山田養蜂場運営の研究拠点「山田養蜂場 健康科学研究所」が発信する、情報サイトです。ミツバチの恵み、自然の恵みについて、予防医学と環境共生の視点から研究を進めています。
ポリフェノールの一種である「レスベラトロール」については、これまでも、多くの研究が行われてきました。その強い抗酸化作用や、生活習慣病予防への機能、血液の流れをスムーズにする機能などが明らかにされています。
当研究所では、レスベラトロールが2つくっついたレスベラトロール二量体である「グネチンC」を豊富に含む、インドネシアの果実樹「メリンジョ」由来のレスベラトロールについて、その優れた有用性を確認するため、研究を続けています。
ここでは、信頼性のある科学的な手法で行われた最近の研究成果を、ダイジェスト版でお伝えします。より詳しいデータや論文をご覧になりたい方は、研究者の皆さま向けページをご覧ください。
全身の血管は1つの臓器といわれるほど身体にとって重要な役割を担っています。血管の老化は私たちの目には見えませんが、心拍とともにしなやかに収縮する柔軟性が低下し、血のめぐりが悪くなったり、血栓の形成につながります。血管が老化し硬くなっても、それ自体に自覚症状はないので、放っておくと、動脈硬化から、脳梗塞や心筋梗塞といった命を脅かす病気へと進んでしまうことになるのです。
当研究所では、より優れたチカラをもつ自然の恵みを求めて研究を進める中で、インドネシア原産のメリンジョ由来のレスベラトロールに注目しました。そして、この「静かで見えない老化」に対し、「メリンジョ」由来のレスベラトロールがどんな影響を与えるかを、調べるため、試験を行いました。
糖尿病にかかると、四肢や網膜、腎臓などさまざまな部位の血管が侵されて、動脈硬化や四肢の壊疽、神経障害、腎障害など、体中のあらゆる部位に障害が併発します。つまり、血管の老化から、全身に問題が波及していくわけです。
そこで、当研究所では、糖尿病モデルに対してメリンジョレスベラトロールを与えることで、“血管内皮で、長寿遺伝子の1つであるSIRT1の発現が上昇するか”、また、“血管の老化が抑制されるか”を調べました。
その結果、糖尿病モデルは、血管内皮細胞でSIRT1の発現量が減少し、それに伴い血管老化も進行していましたが、メリンジョレスベラトロールによって、「血管内のSIRT1発現量の減少レベルが抑えられ」「血管の老化が抑制される」ことが確認されたのです。
(Planta Med. 2011 Jul;77(10):1027-34. )
美肌の大敵であるシミやそばかす。日焼けに気をつけていてもできてしまう…とお悩みの方も多いのではないでしょうか。

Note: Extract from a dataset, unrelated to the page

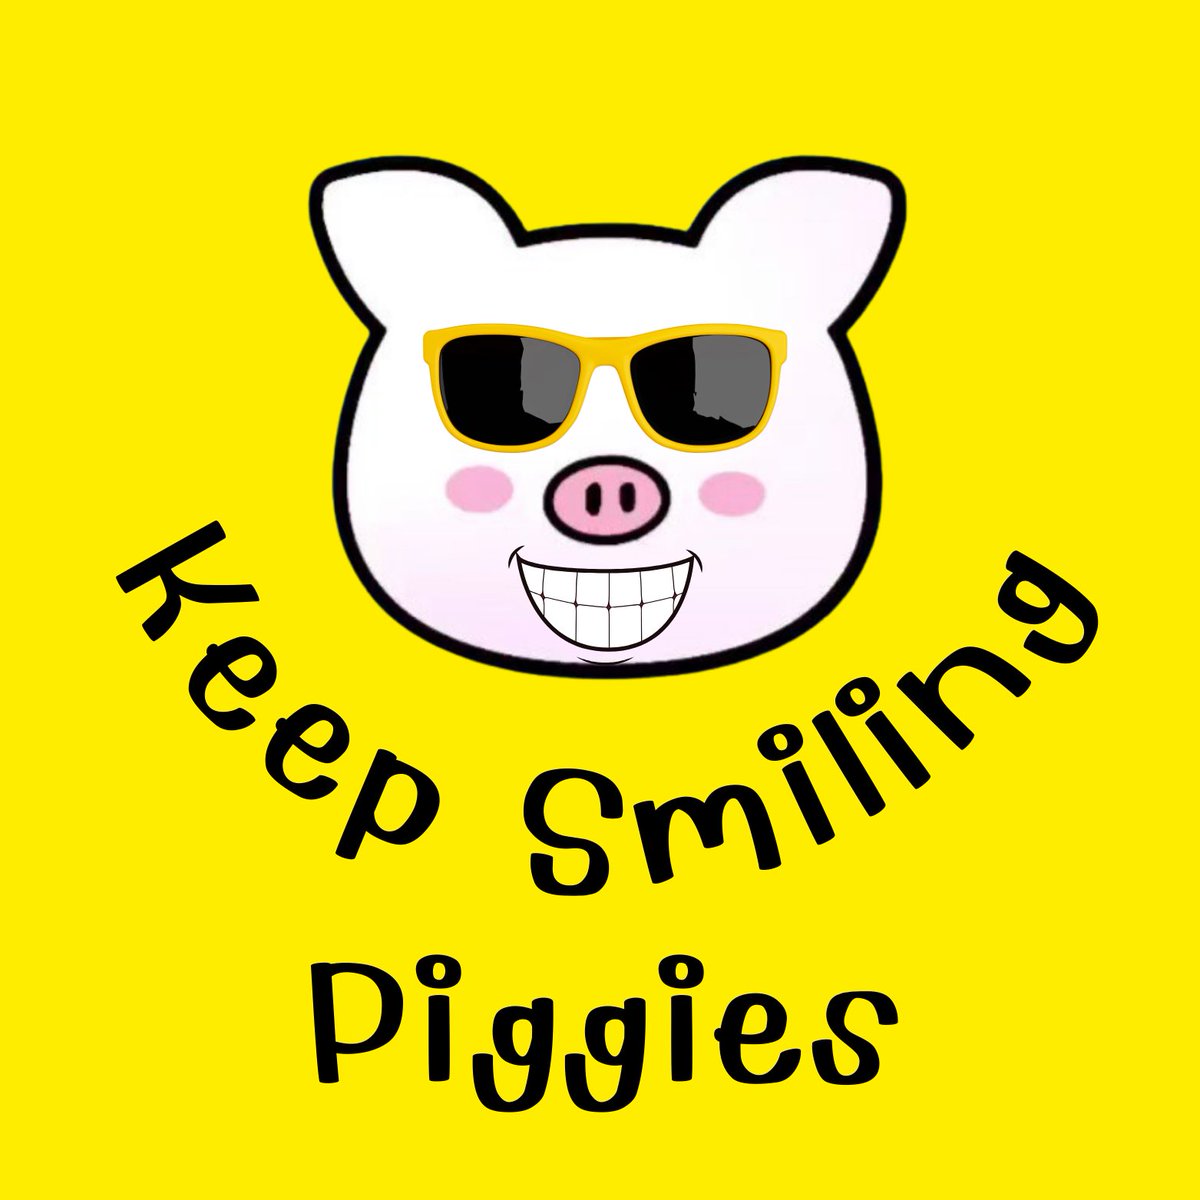 @rla323 $PiggyC @piggycoinbsc #PiggyCoin

#WeDoThingsDifferently
❤️🐷

このシミ・そばかすの原因が黒色の色素「メラニン」。過剰にメラニンが産生されたために、色素沈着を起こしたものがシミ・そばかすとなります。そのメラニンが体内で作られる際に働くのが、「チロシナーゼ」という酵素です。チロシナーゼが働かなければ、メラニンは作られません。「シミ・そばかすを制するには、チロシナーゼを制するべし」。美容業界ではこれまでさまざまな方法でチロシナーゼの活性阻害が試みられてきました。

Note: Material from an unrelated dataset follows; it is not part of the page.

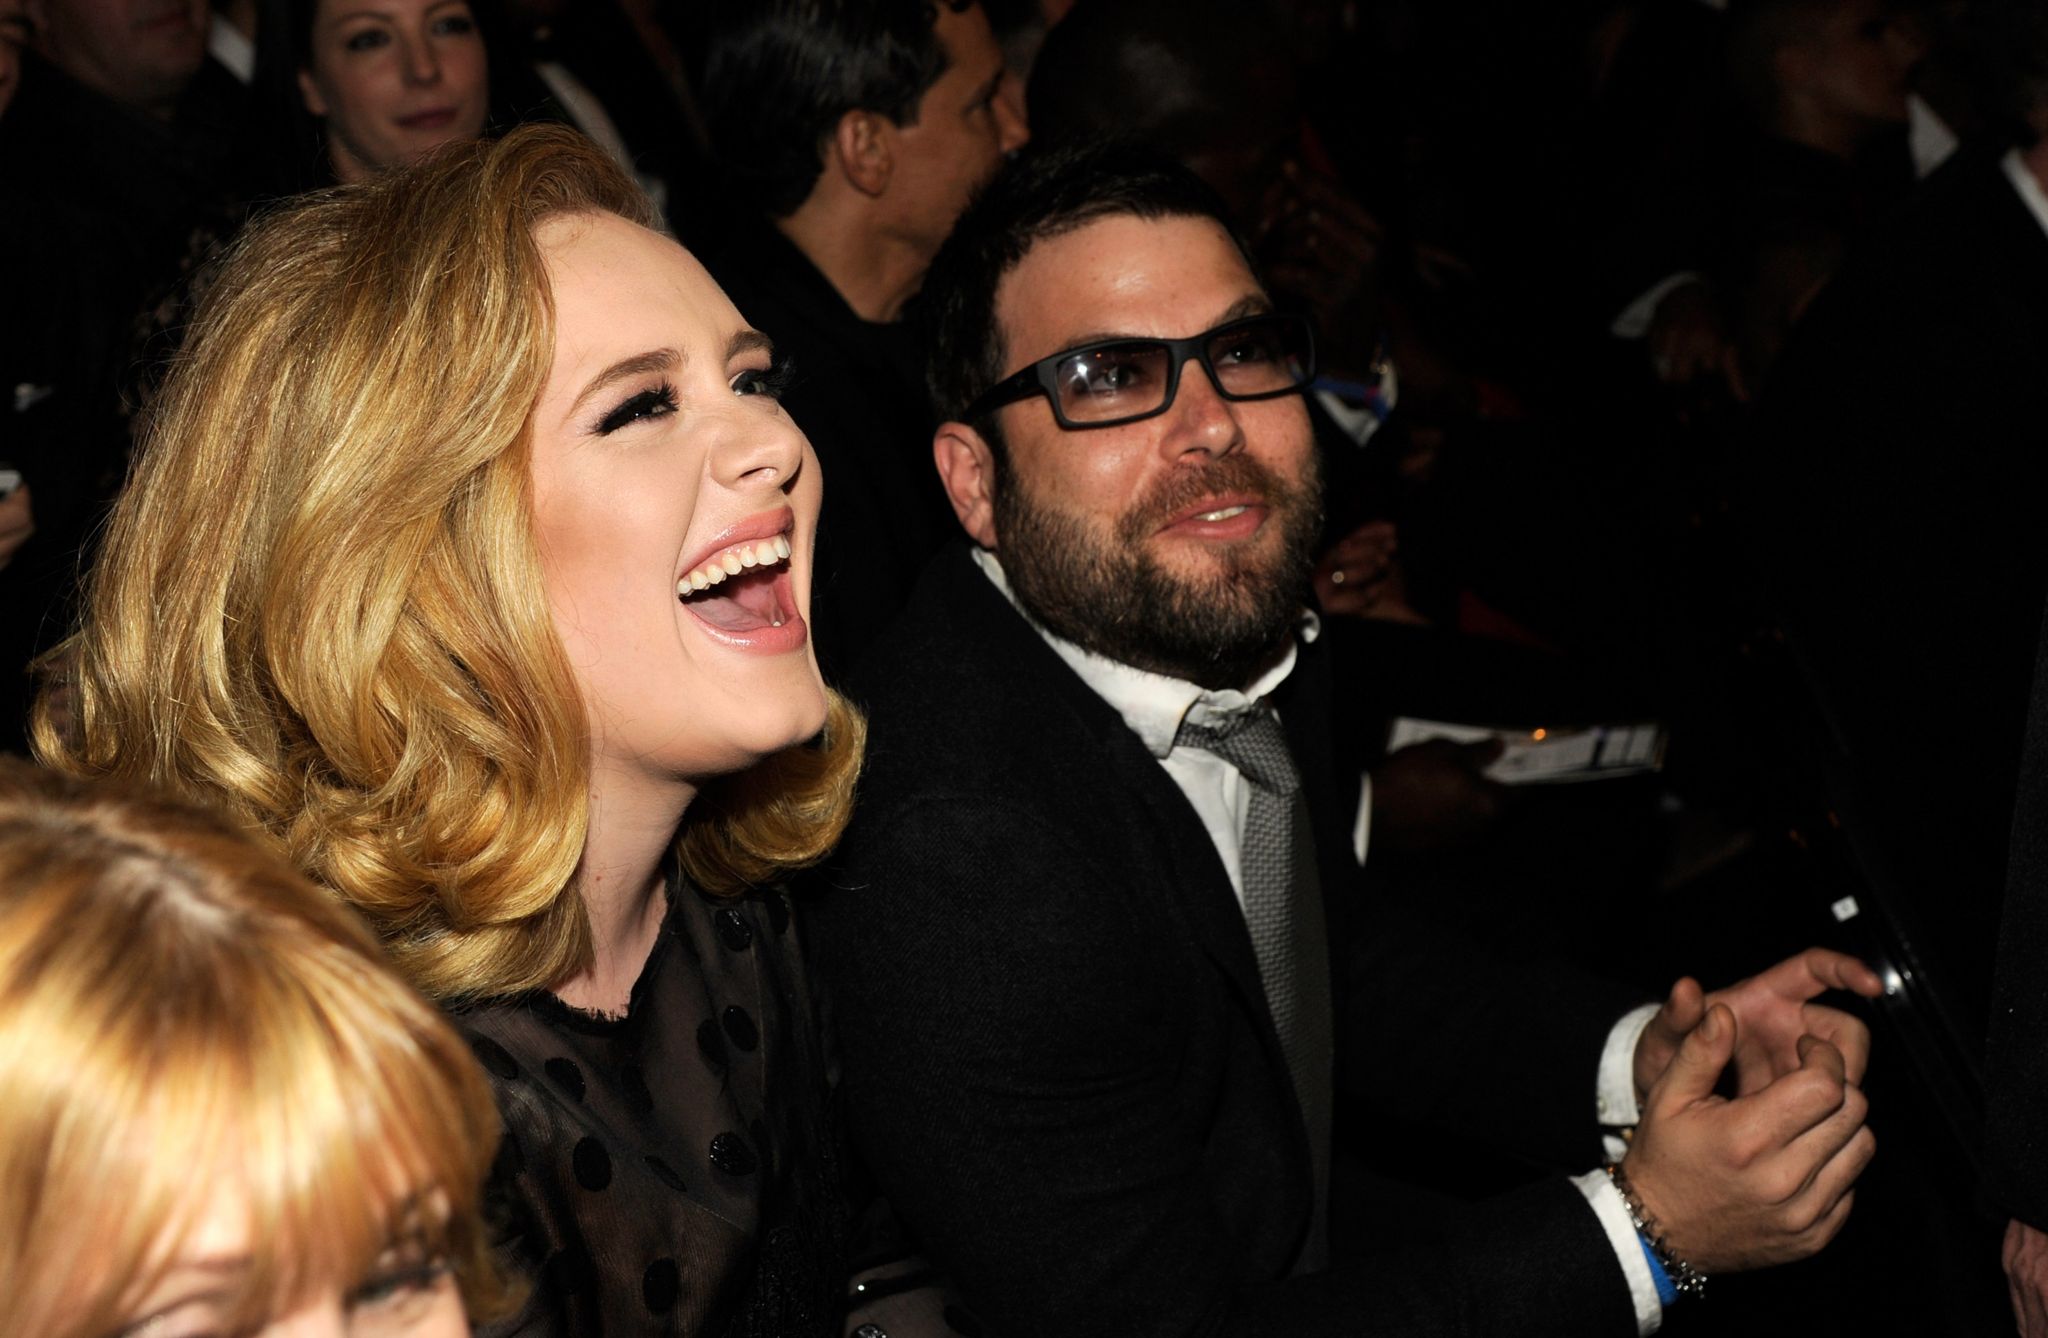 Adele and Simon Konecki at the Grammy Awards in 2013

一方、一般的に「レスベラトロール」として知られている、ブドウ由来のトランスレスベラトロールについては、既にメラニン産生を抑える作用があると報告されています。
当研究所では、より優れたチカラをもつ自然の恵みを求める中で、インドネシア原産のメリンジョ由来のレスベラトロールに注目し、研究開発を続けています。その特有成分であるレスベラトロール二量体の「グネチンC」は、ブドウには含まれない成分です。
そこで、このグネチンCと、トランスレスベラトロール、美白作用が知られているコウジ酸のチロシナーゼ阻害作用を比較しました。
メラニン合成に必要な酵素であるチロシナーゼとグネチンC、トランスレスベラトロール、コウジ酸をそれぞれ試験管内で混合し、チロシナーゼの活性がどの程度抑えられるかを調べました。下のグラフのIC50値は、チロシナーゼの活性を50%阻害するのに必要な濃度であり、値が低いほど作用が強いことを示しています。
この結果から、グネチンCはトランスレスベラトロールやコウジ酸よりも強いチロシナーゼ阻害効果を持つことがわかりました。